電子帳簿保存法を初心者向け解説|1人社長が税理士相談で整えた5対応

電子帳簿保存法の対応で悩んでいませんか?「何から手をつければいいかわからない」という初心者の方は多く、特に1人社長は情報収集から対応まで一人でこなす必要があります。私はAFP・宅地建物取引士として法人を経営する立場から、税理士相談を経て5つの対応を整えました。本記事では、その実体験をもとに電子帳簿保存法の基本と具体的な対応手順を解説します。

電子帳簿保存法の3区分とは|初心者が最初に押さえる全体像

「電子帳簿等保存」「スキャナ保存」「電子取引」の違い

電子帳簿保存法(正式名称:電子計算機を使用して作成する国税関係帳簿書類の保存方法等の特例に関する法律)は、大きく3つの区分で構成されています。初心者がまず理解すべきは、この3区分が「何を保存するか」でまったく異なるルールを持つという点です。

第1区分の「電子帳簿等保存」は、会計ソフトなどで作成した仕訳帳・総勘定元帳などの国税関係帳簿を、電子データのまま保存するルールです。第2区分の「スキャナ保存」は、紙で受け取った領収書・請求書などをスキャンして電子データとして保存するルールを指します。そして第3区分の「電子取引」は、メールやクラウドサービスで受け取った請求書・領収書データをそのまま電子保存しなければならないという、2024年1月以降は猶予措置が終了した義務的対応です。

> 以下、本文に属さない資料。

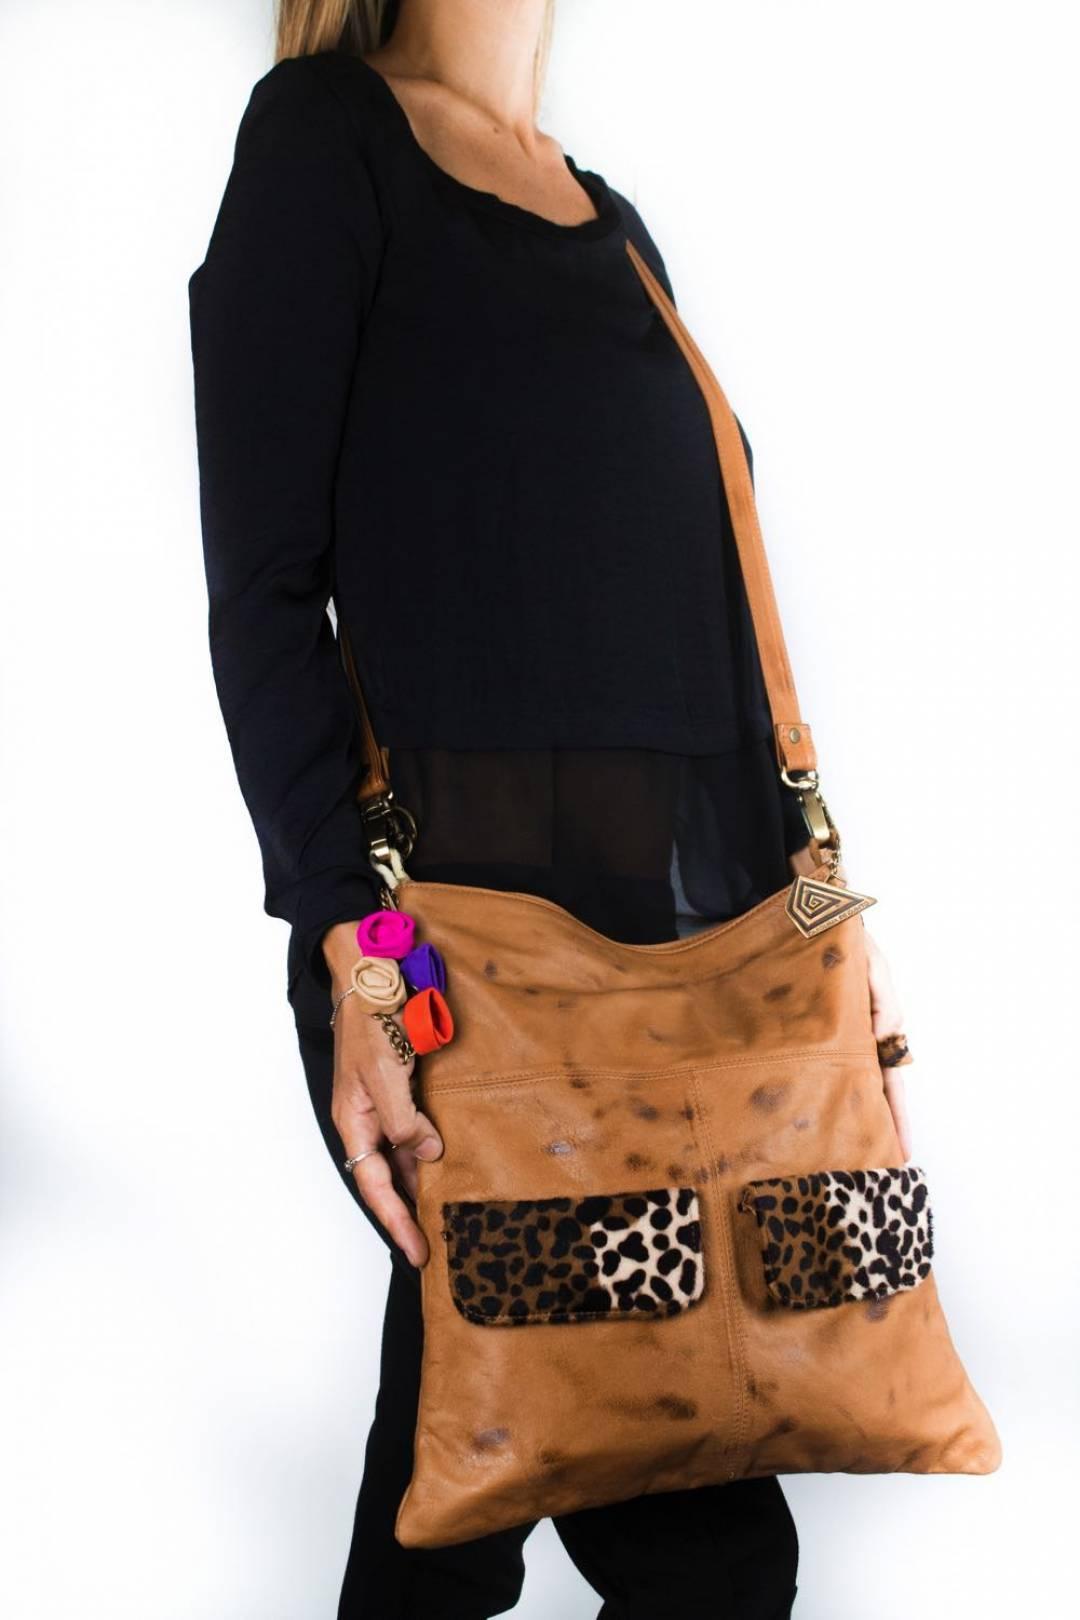 Cross body/handbag in leather and animal print pockets.

私が法人化した際、最初に税理士から「電子取引の保存要件は待ったなしですよ」と言われました。3区分の中で唯一「任意」ではなく「義務」であることを、当時はしっかり理解できていなかったのです。

2024年以降に義務化された「電子取引」保存要件の核心

電子取引の保存要件として、国税庁が定める要件は主に「真実性の確保」と「可視性の確保」の2点です。真実性の確保とは、データが改ざんされていないことを証明できる仕組みを整えること。具体的には、タイムスタンプの付与・訂正削除ができないシステムの利用・訂正削除の記録が残るシステムの利用・社内での訂正削除防止規程の整備、のいずれかを選択します。

可視性の確保とは、税務調査などで求められた際にデータを速やかに確認・出力できる状態にしておくことです。ファイル名に「日付・取引先名・金額」を含めて管理する方法が、小規模事業者向けに認められています(2024年1月施行の改正以降も継続)。

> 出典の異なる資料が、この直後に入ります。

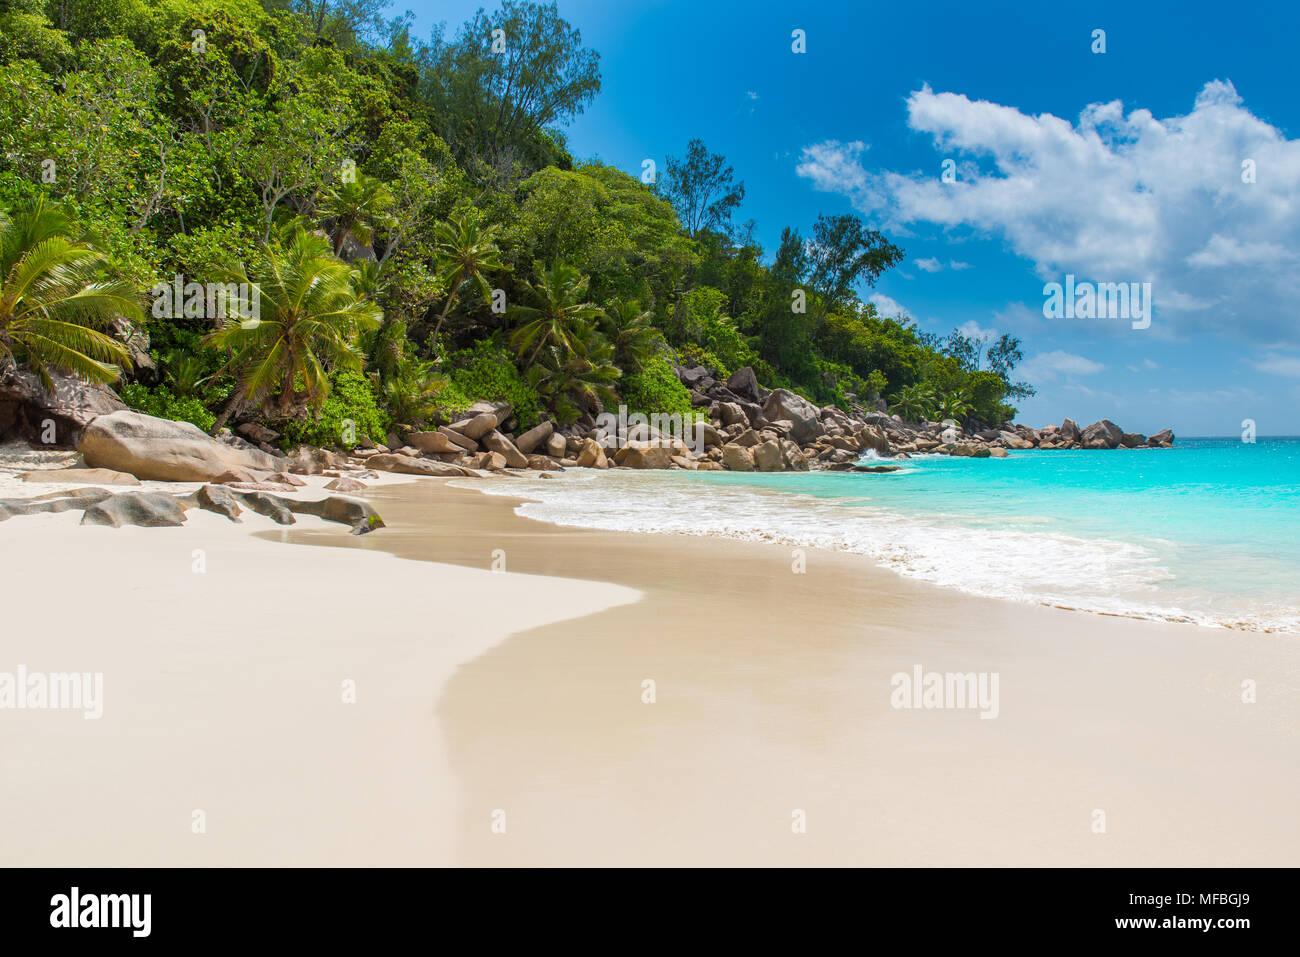 Beautiful Paradise beach - Anse Georgette at Praslin, Seychelles Stock Photo

電子帳簿保存法の対応手順として、まず自社が「どのルートで請求書・領収書を受け取っているか」を洗い出すことが出発点になります。私の場合、インバウンド民泊事業の性質上、予約プラットフォームからの入金明細・各種サービスの請求書がすべてメールやWEB画面で届くため、電子取引の保存要件への対応が急務でした。

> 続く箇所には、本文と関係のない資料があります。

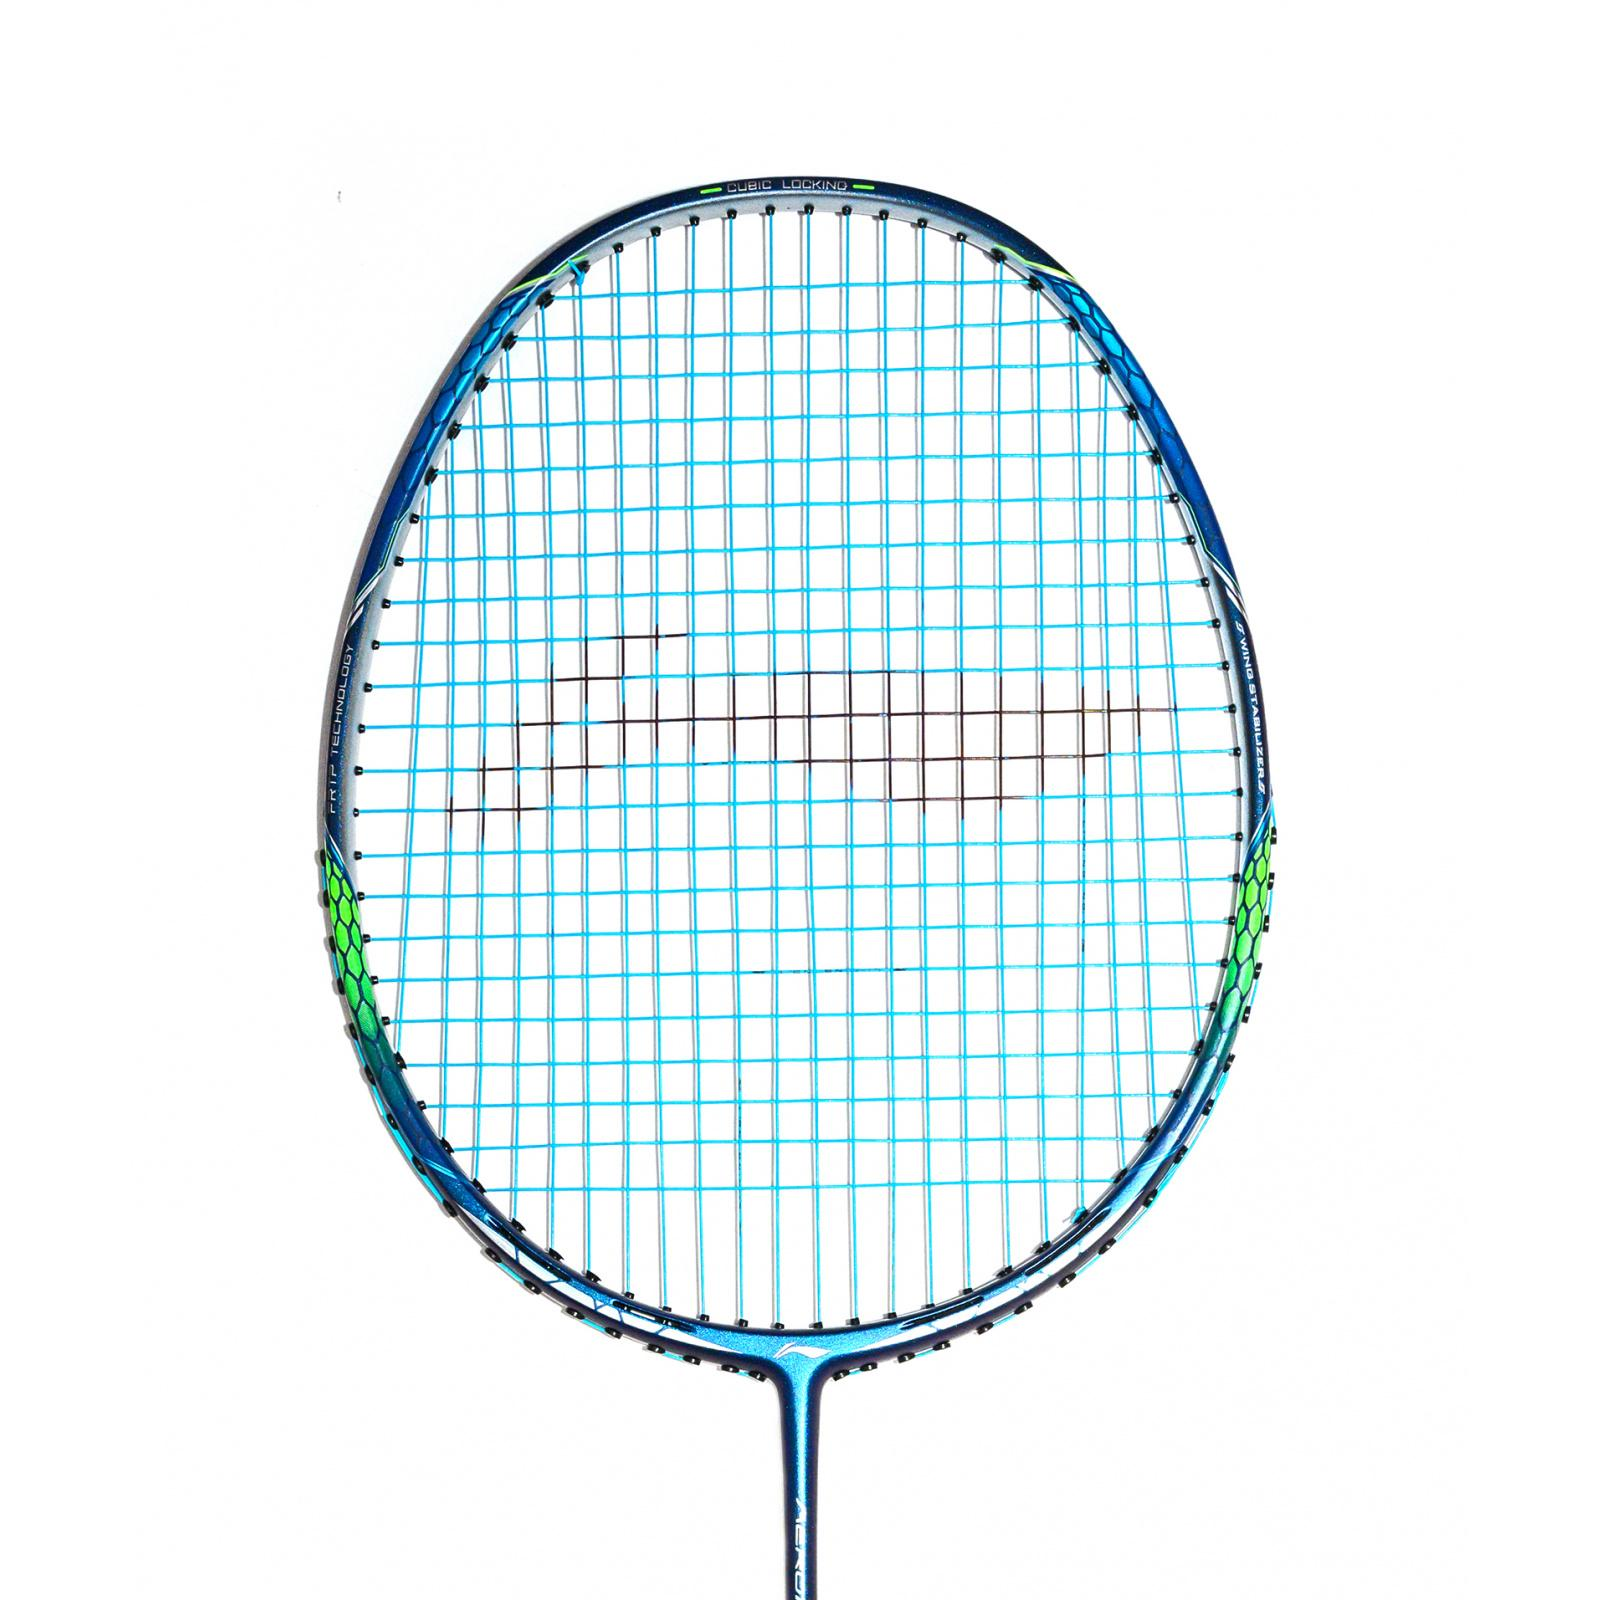 https://www.badec.store/produkty_img/badmintonova-raketa1570563198L.jpg

私が税理士相談で整えた5対応|1人社長の実体験レポート

法人化時の税理士面談で判明した「自己流対応」の危うさ

私、Christopherは2026年に東京都内で法人を設立しました。資本金100万円・社員は私1人という典型的な1人社長です。法人化前の個人事業主時代は、AFPとして保険代理店で富裕層や経営者の税務相談に関わってきたこともあり、「税務のことはある程度わかっている」という自信がありました。しかしそれが、落とし穴でした。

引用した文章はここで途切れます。